Elle permettrait aussi de remédier à la surévaluation de I'euro. Mais elle recèle un inconvénient politique majeur : l'épargnant allemand n'en veut pas. A nous de convaincre notre partenaire allemand en lui disant que la croissance de l'ensemble de la zone euro irait dans son intérêt. L'Allemagne ne souhaite d'ailleurs pas devenir un pays offshore, au large de l'Europe. Elle doit trouver un compromis entre l'exigence de compétitivité de ses industriels et ses intérêts géopolitiques à plus long terme : L'Europe du Sud n'est pas seulement un marché de 200 millions de consommateurs.

La redéfinition des compétences de l’Union consisterait à lui attribuer quelques missions-clés pour lesquelles sa valeur ajoutée est avérée : union douanière, politique commerciale, marché intérieur, politique agricole, politique de la pêche, protection des consommateurs, recherche. Les autres compétences doivent, selon le principe de subsidiarité, être restituées aux États membres : politiques sociales, politique de cohésion territoriale, énergie, transports, santé publique. Concentrée sur des missions concrètes au service des peuples européens, l’Union européenne sera mieux en mesure de répondre aux attentes de ces peuples et de parvenir à une nouvelle légitimité.

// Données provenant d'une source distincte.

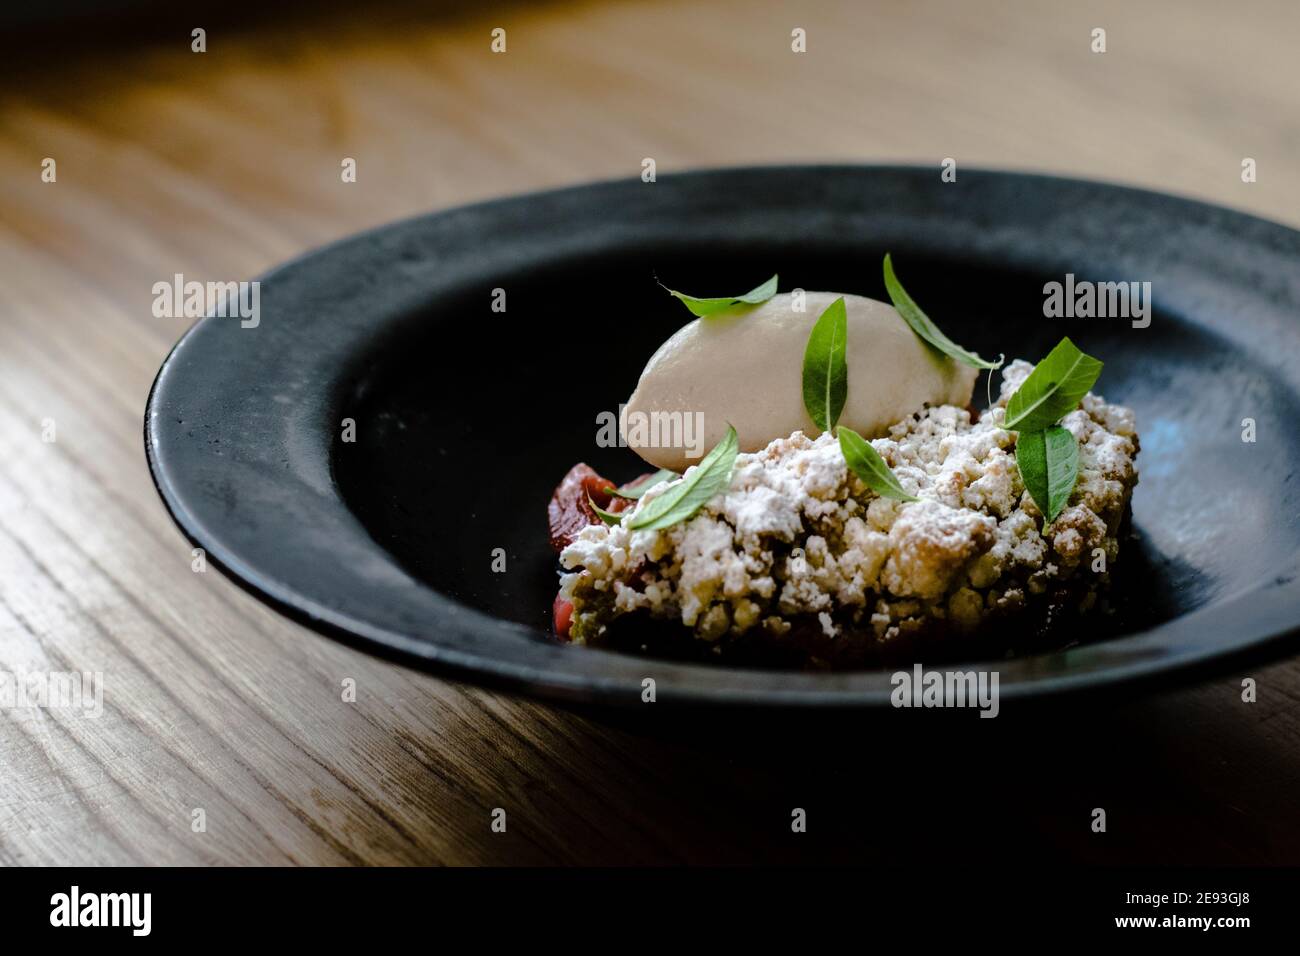 Assiette de sorbet et de tarte au rhubarbe recouverte de feuilles de menthe dans un plat noir sur une table en bois dans un restaurant Banque D'Images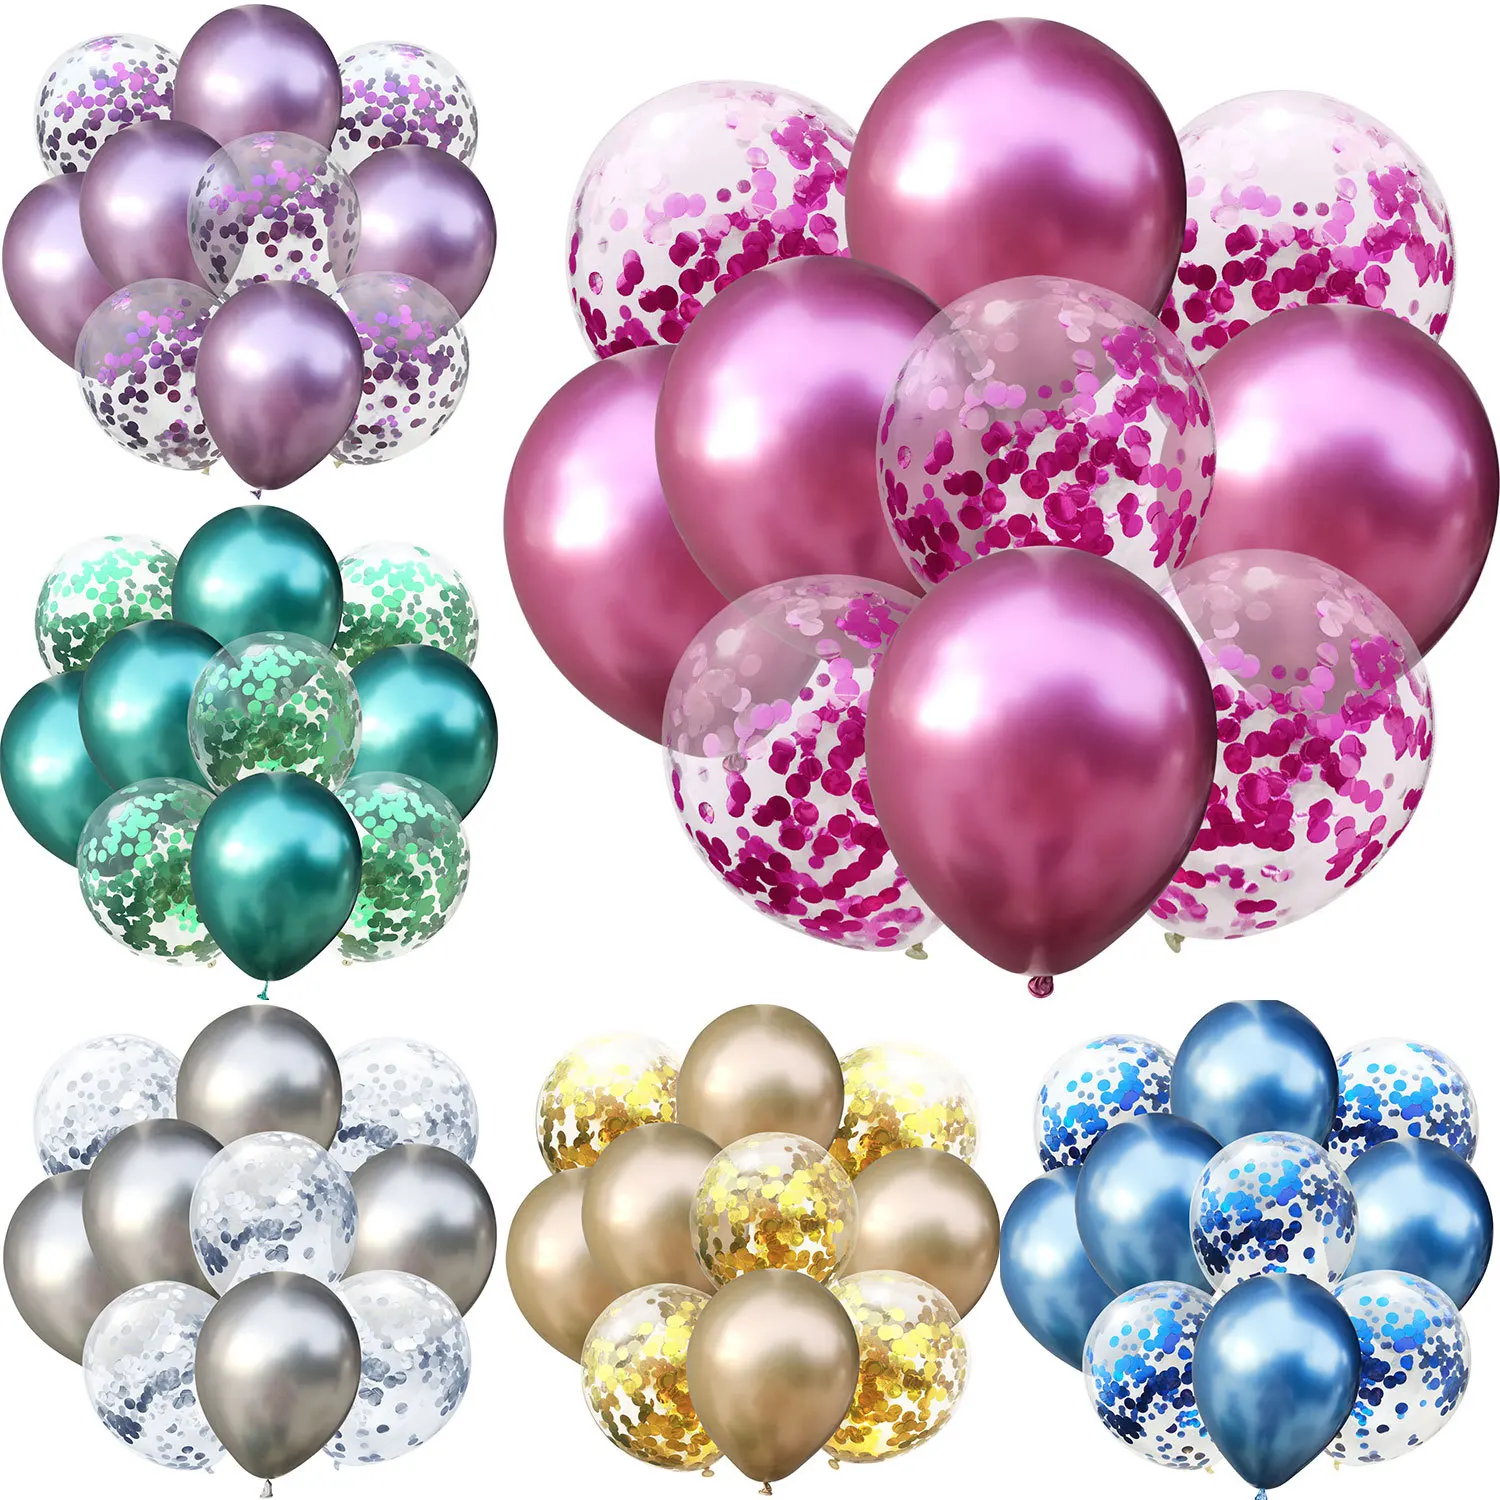 ZLJQ 10 шт. разноцветные конфетти воздушные шары на день рождения украшения для детей и взрослых металлический шар воздушный шар на день рождения прозрачный шар

L'Europe ne peut se faire qu'avec les nations telles qu'elles existent. Pour y réussir, il faut, non pas renoncer au projet européen comme le proposent les eurosceptiques, mais changer la perspective en affirmant l'intérêt commun des Etats membres. Le 21e siècle sera dominé par la montée de l'Asie et d'abord de la Chine, et plus généralement par le phénomène des pays émergents. La nouvelle bipolarité qui se dessine entre les États-Unis et la Chine risque de marginaliser encore plus l'Europe, si celle-ci n'est pas capable de se doter d'un projet historique original.